Так что я начал перебирать в уме весь свой запас немецких слов и сопоставлять их с меню деревенской гостиницы; предосторожность оказалась нелишней, ибо едва я сел за стол, краешек которого соблаговолили уступить мне двое возниц, занявших места первыми, как мне принесли глубокую тарелку, наполненную упомянутым кушаньем; к счастью, я был готов к этой отвратительной шутке и, так же как г-жа Жоффрен оттолкнула Гиббона, отодвинул дымившееся, словно Везувий, блюдо, произнеся nicht gut[48] на таком безупречном немецком, что меня, должно быть, приняли за чистокровного саксонца, ведь саксонцы в Германии, в отношении чистоты языка, занимают такое же место, как жители Турени во Франции.

Немцу всегда кажется, будто он не расслышал, если ему говорят, что кто-то не любит кислую капусту; когда же пренебрежение этим национальным блюдом немцу высказывают на его родном языке, то, как нетрудно понять, его удивление, употребляя расхожее немецкое выражение, возрастает до небес.

И потому после моих слов наступила минута изумленного молчания, подобная тишине, которую могло бы вызвать какое-нибудь гнусное богохульство; как мне показалось, в это время хозяйка старательно пыталась привести в порядок свои расстроенные мысли, и в итоге этих размышлений она произнесла какую-то фразу таким дрогнувшим голосом, что я не разобрал ни одного ее слова, но выражение ее лица, когда она их произносила, явно придавало сказанному ею такой смысл: "Но, Господи Боже мой, если вы не любите кислую капусту, то что же вы тогда любите?"

— Alles dies, ausgenommen, — ответил я.

Для тех, кто не так, как я, силен в филологии, сообщу, что это означает: "Все, кроме этого".

Вероятно, испытываемое мною отвращение произвело на меня такое же действие, как возмущение — на Ювенала; однако, вместо того чтобы вдохновить меня на стихи, оно подарило особую звучность моему голосу: я заметил это по тому смиренному виду, с каким хозяйка унесла эту гадкую капусту.

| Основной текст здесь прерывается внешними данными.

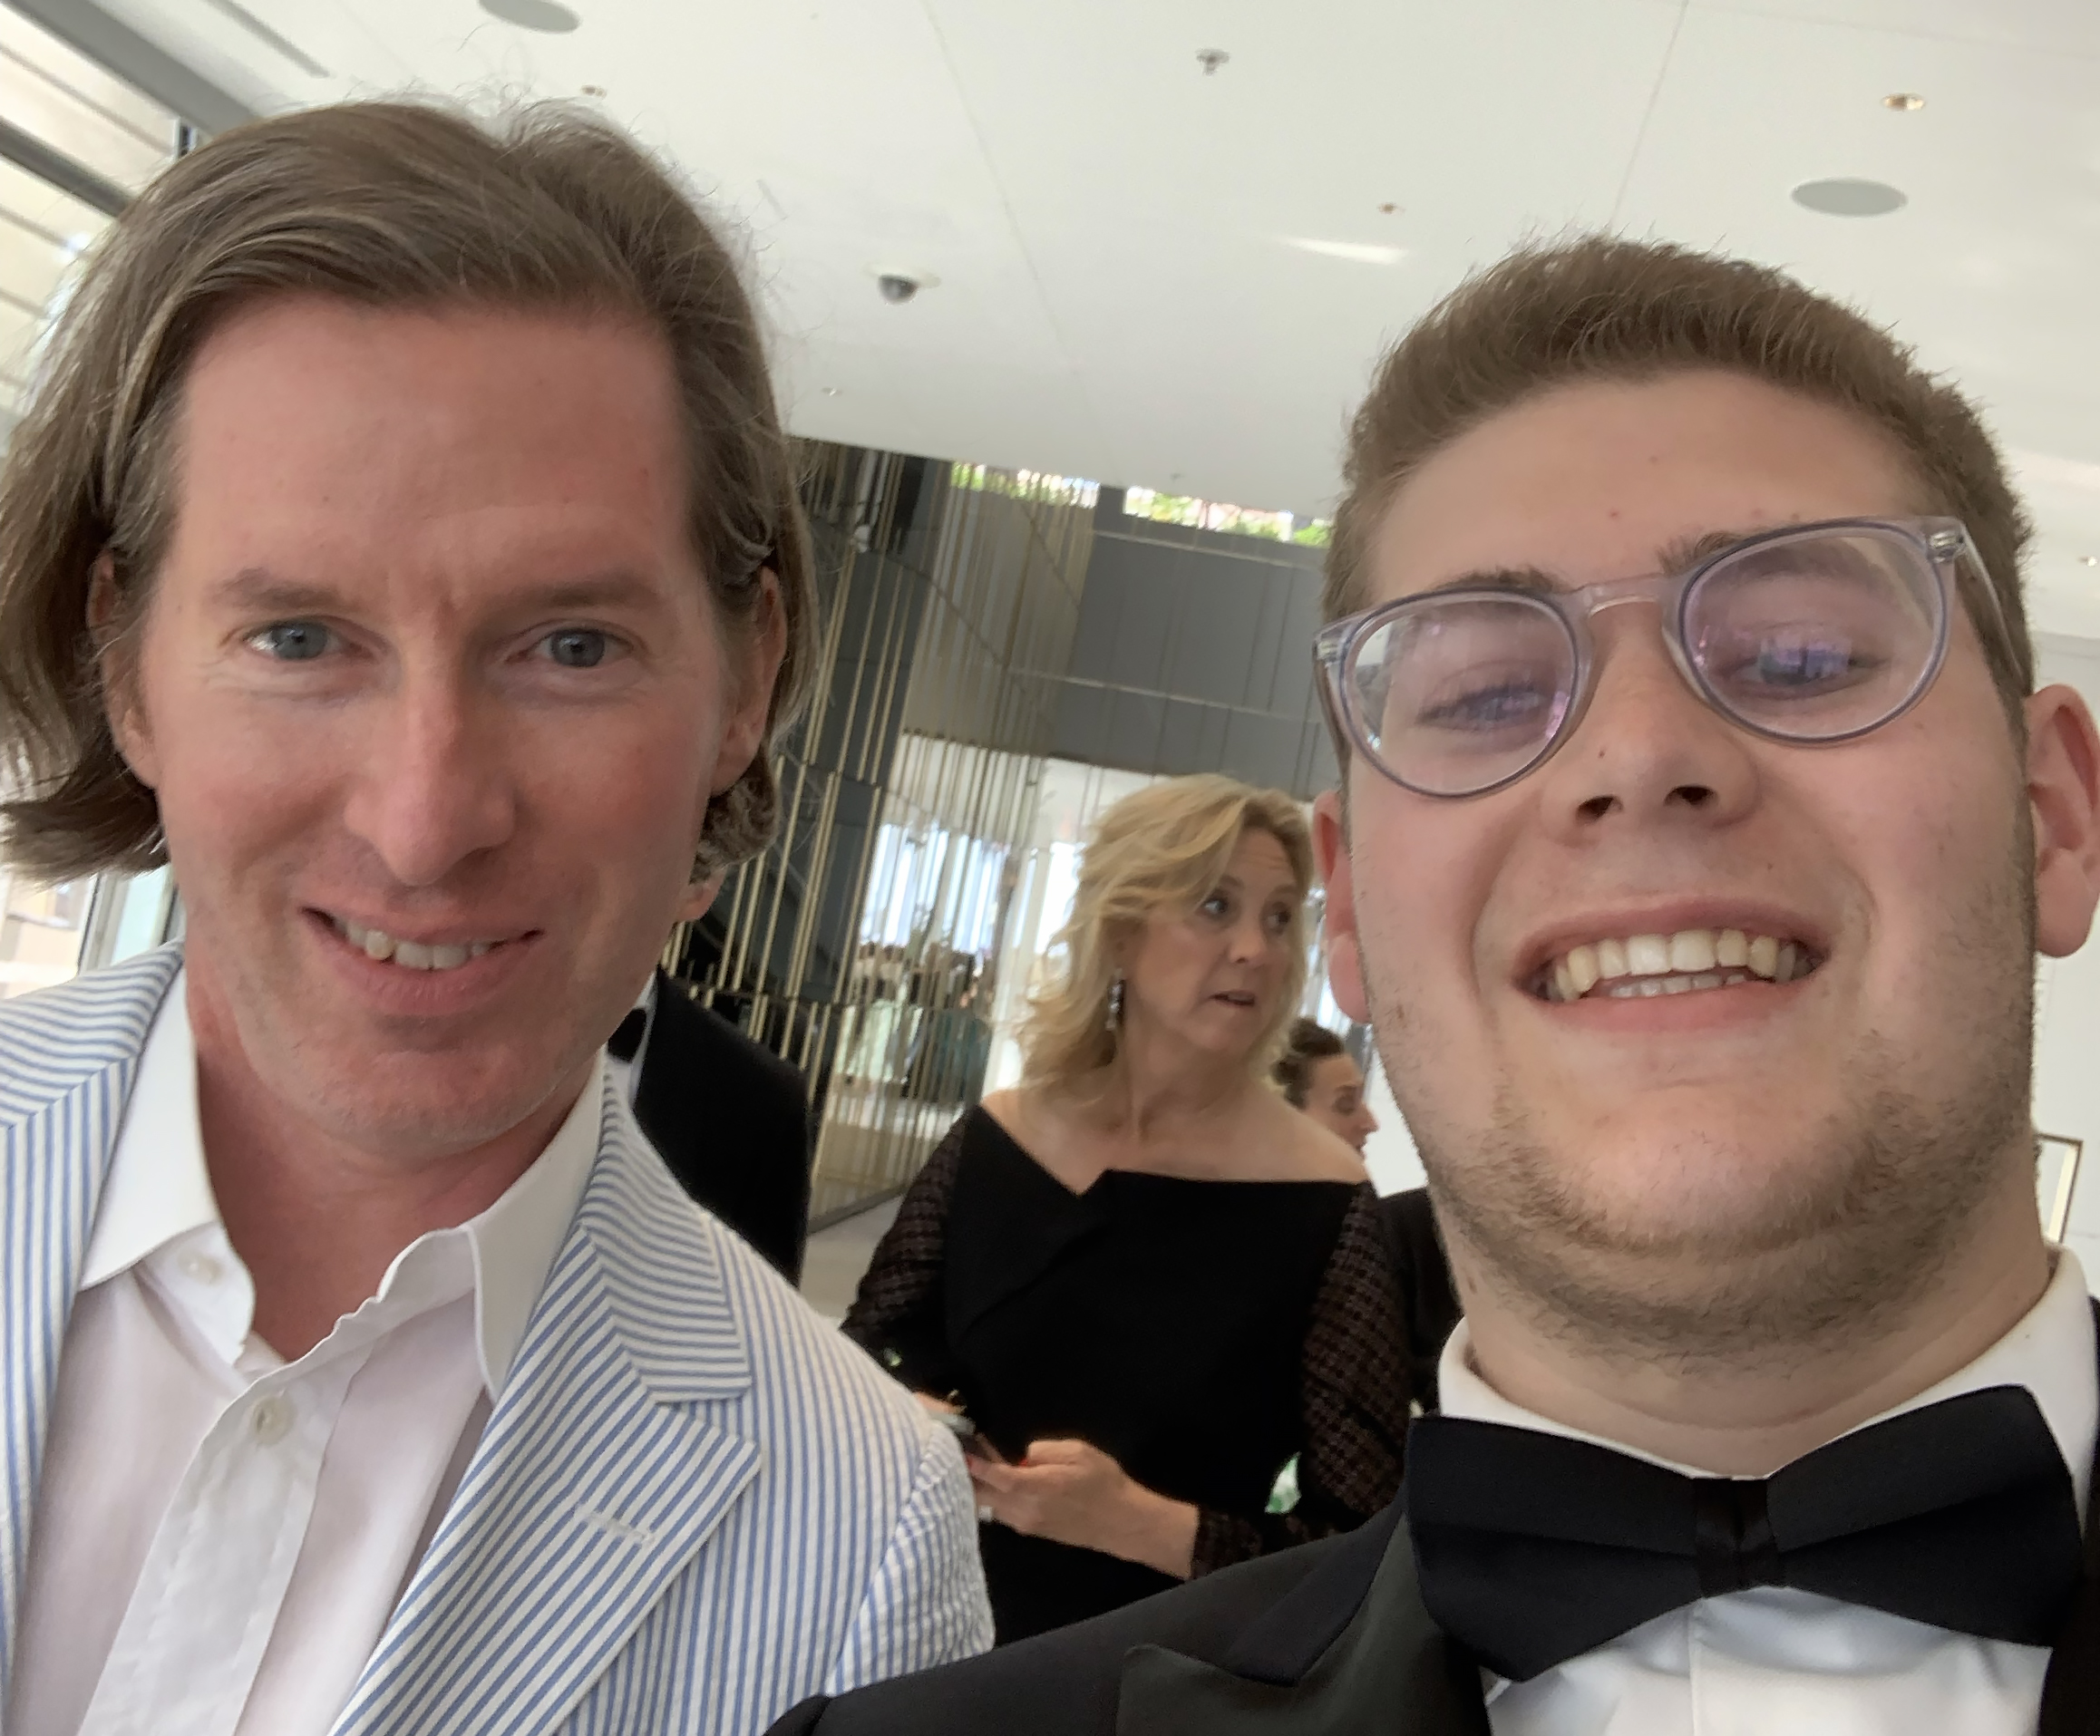 Director Wes Anderson and Penn student Jacob Pollack in a selfie in a hotel lobby

Я же стал дожидаться второй перемены блюд и, чтобы убить время, развлекался тем, что скатывал шарики из хлеба и с обезьяньими гримасами пробовал кислое винцо, которое, поскольку оно обладало кремнистым вкусом и было налито в бутылку с длинным горлышком, имело наглость выдавать себя за рейнвейн.

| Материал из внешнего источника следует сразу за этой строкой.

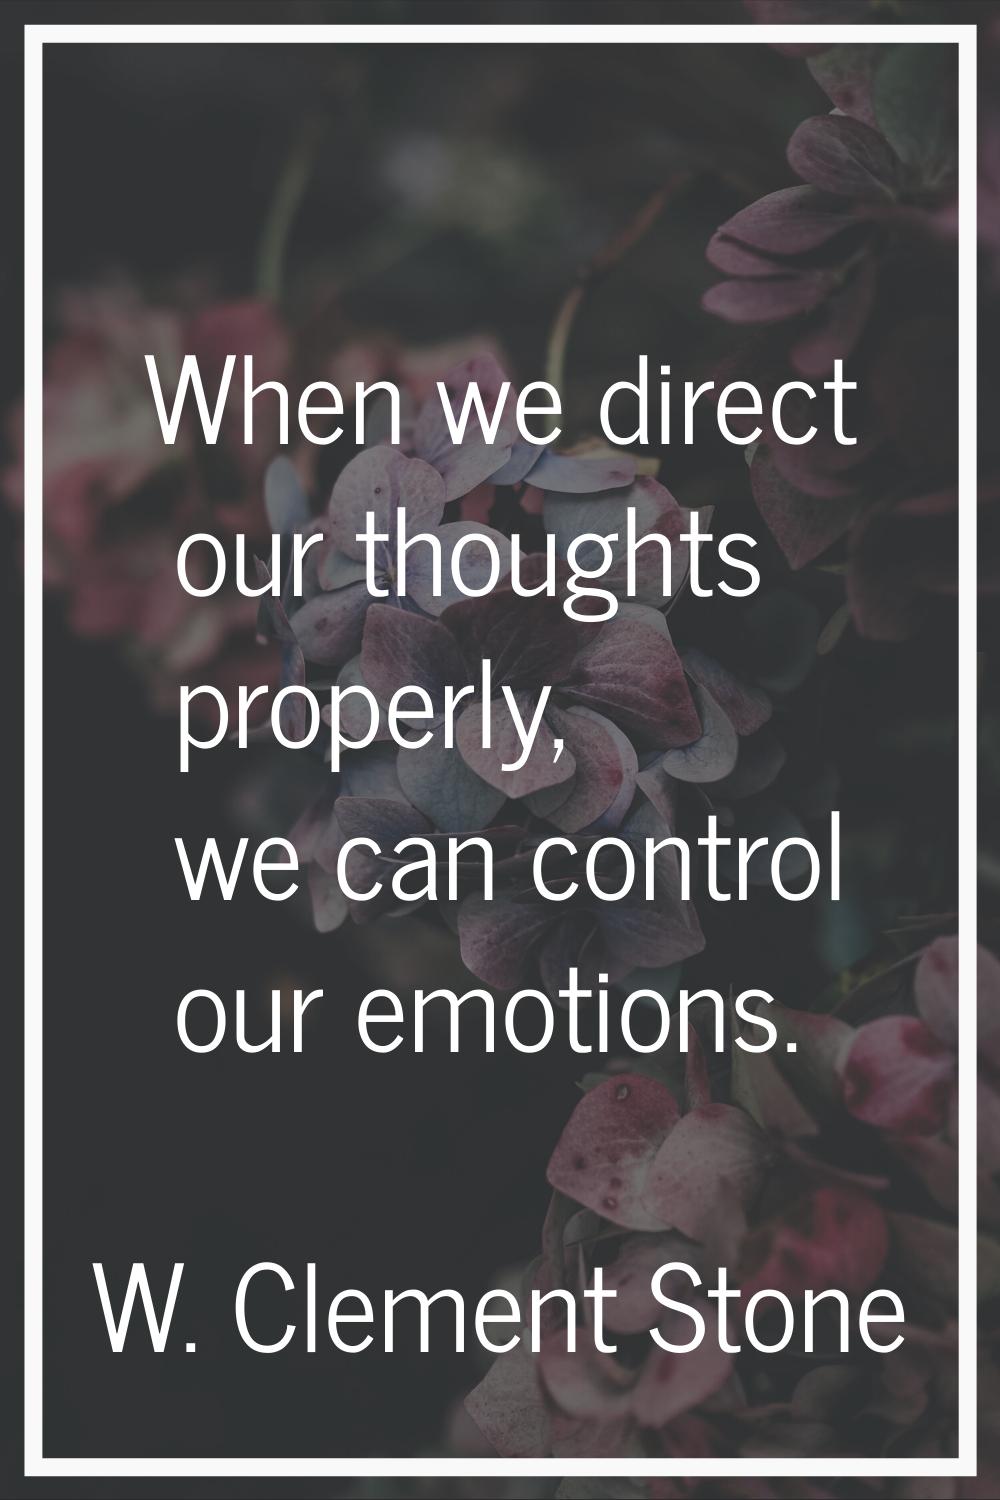 When we direct our thoughts properly, we can control our emotions.

— Ну, так что? — спросил я трактирщицу.

— А что? — откликнулась она.

— Где же ужин?

— Ах да!

И она снова принесла мне кислую капусту.

Мне подумалось, что если я не избавлюсь от нее, то она будет преследовать меня до дня Страшного суда. Поэтому я подозвал сен-бернара, который, сидя на задних лапах у очага, предназначенного для приготовления мяса, и закрыв глаза, упорно поджаривал свои лапы и морду. Едва догадавшись о моих добрых намерениях, он тотчас отошел от огня, направился ко мне и двумя-тремя движениями языка слизнул еду, вызвавшую мое недовольство.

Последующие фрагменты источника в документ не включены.